To produce a wax-coated air-oil interface on a pendant drop, we deposited a layer of hot oleogel on the surface of a clean oil drop as described in “Dilatational interfacial rheology.” After deposition of the oleogel, the drop was first expanded to facilitate spreading of the wax over the interface. The drop volume was then decreased to compress the interface, mimicking the conditions relevant to bubble dissolution. Figure 5a shows an image sequence during drop compression. The drop area, A, is normalised by the area corresponding to the maximum volume, A0. In the experiment shown in Fig. 5, it is A0 = 31.25 mm2. Compression below A/A0 = 0.82 led to drop shapes characteristic of elastic interfaces (Knoche et al. 2013; Hegemann et al. 2018). As shown in Fig. 5a, the effect is more pronounced for A/A0 = 0.46. Magnified images of the drop surface reveal an interfacial layer of wax crystals, but it is not possible to assess whether it is a multi-layer or a single layer, and to confirm that it reproduces the microstructure of the layer on bubbles in an oleofoam (see Fig. 8 in Supporting Information).
The transition from liquid- to solid-like behaviour of the interfacial layer can be identified quantitatively by plotting the meridional curvature profile of the drop, κ(z). For a fluid interface, the curvature varies linearly with height, obeying the Young-Laplace equation. For an elastic interface, the profile is no longer linear (Nagel et al. 2017). Figure 5b shows that the deviation from linearity increases for decreasing A/A0.

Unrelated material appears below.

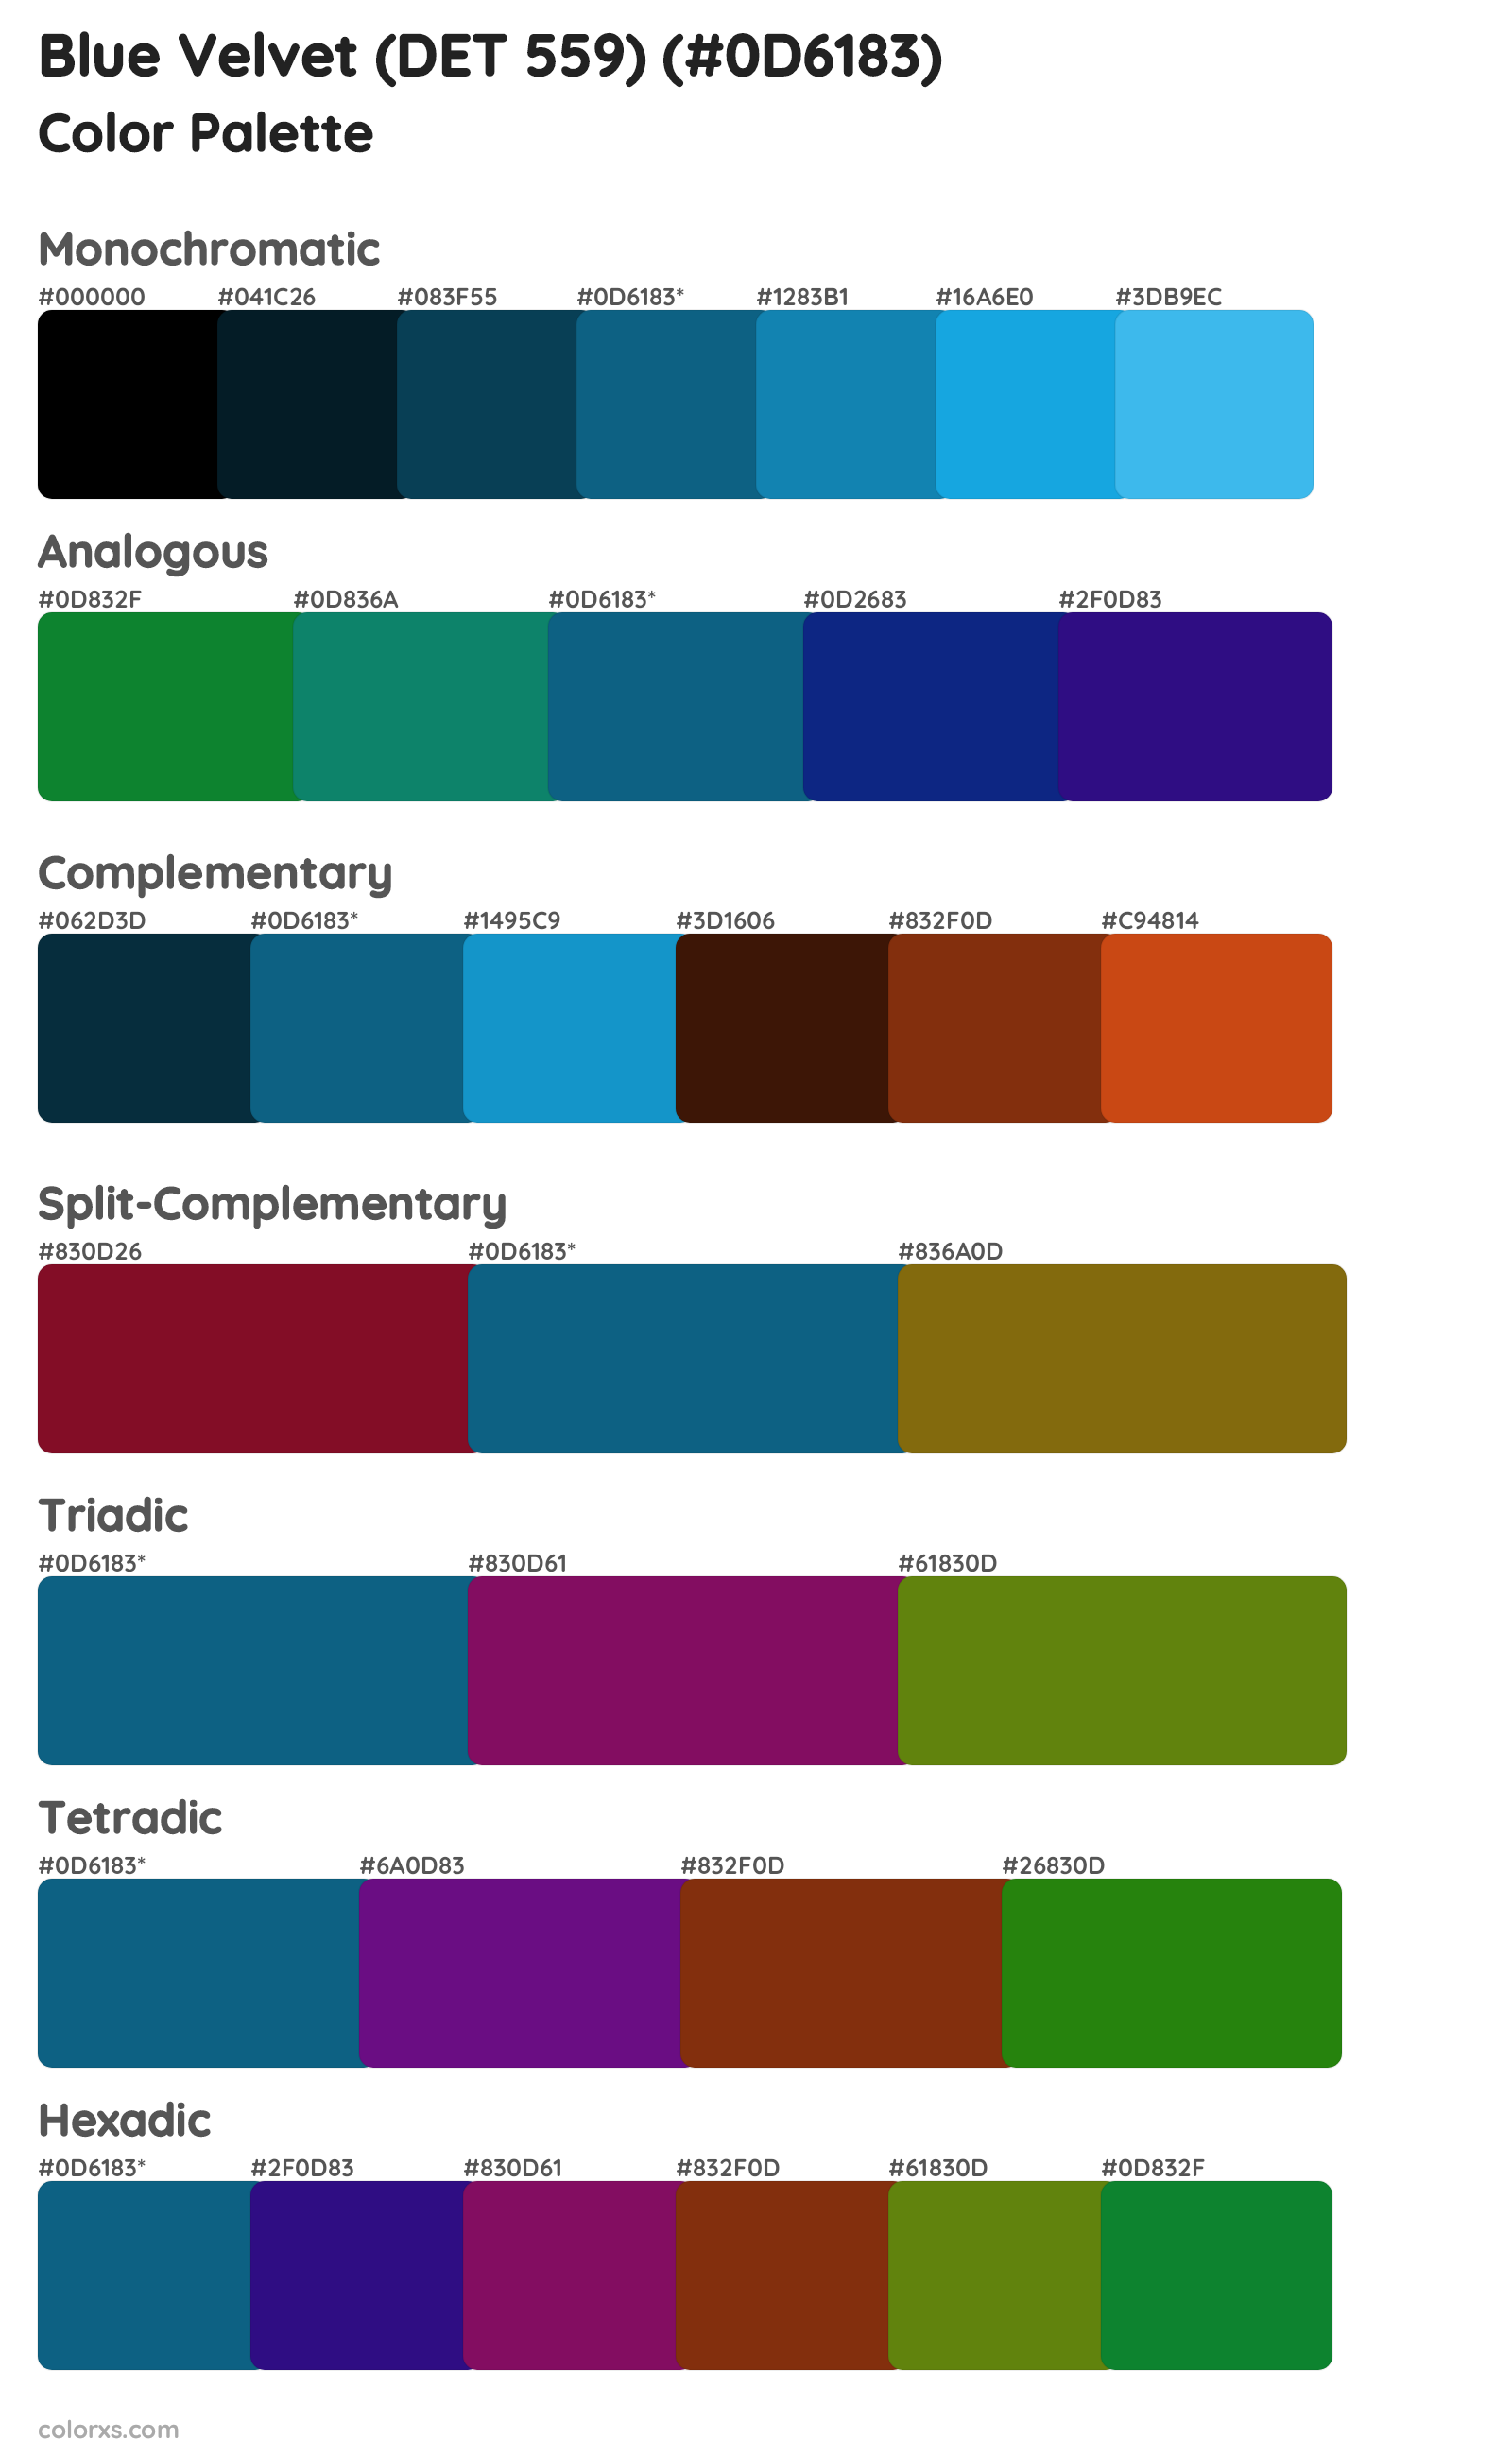 Blue Velvet (DET 559) Color Scheme Palettes

The interfacial compression modulus, Ed, can be estimated as the Gibbs modulus, EGibbs, in the range where the interfacial layer is fluid-like, and can be determined from the drop shape fitting elastometry (DSFE) in the elastic regime as \( {E}_{\mathrm{d}}^{\mathrm{DSFE}} \) (see “Dilatational interfacial rheology” for details). In the DSFE, the strains are defined with respect to an elastically relaxed reference shape profile, in which the surface stress is isotropic. Compression below this state gives rise to elastic extra-stresses. We selected the reference state as A/A0 = 0.82 based on the curvature profiles (Fig. 5b). Both the Gibbs modulus, EGibbs, and the compression modulus obtained from the DSFE, \( {E}_{\mathrm{d}}^{\mathrm{DSFE}} \), are plotted as a function of area in Fig. 5c. Drop shape fitting elastometry, strictly applicable for purely elastic interfaces, is expected to give better estimates of Ed for compressed states below the reference state (grey shaded region) while EGibbs is expected to be a more reliable measure for fluid interfaces (outside shaded region). For reference, EGibbs is shown also in the elastic regime (empty symbols). Within the elastic regime, we find an approximate value of the compression modulus Ed ≈ 40 mN/m, to be used for testing the Gibbs criterion. The interfacial shear modulus, also found by the DSFE, was small compared with Ed, in the range 0.02 mN/m ≤G2D≤ 0.12 mN/m.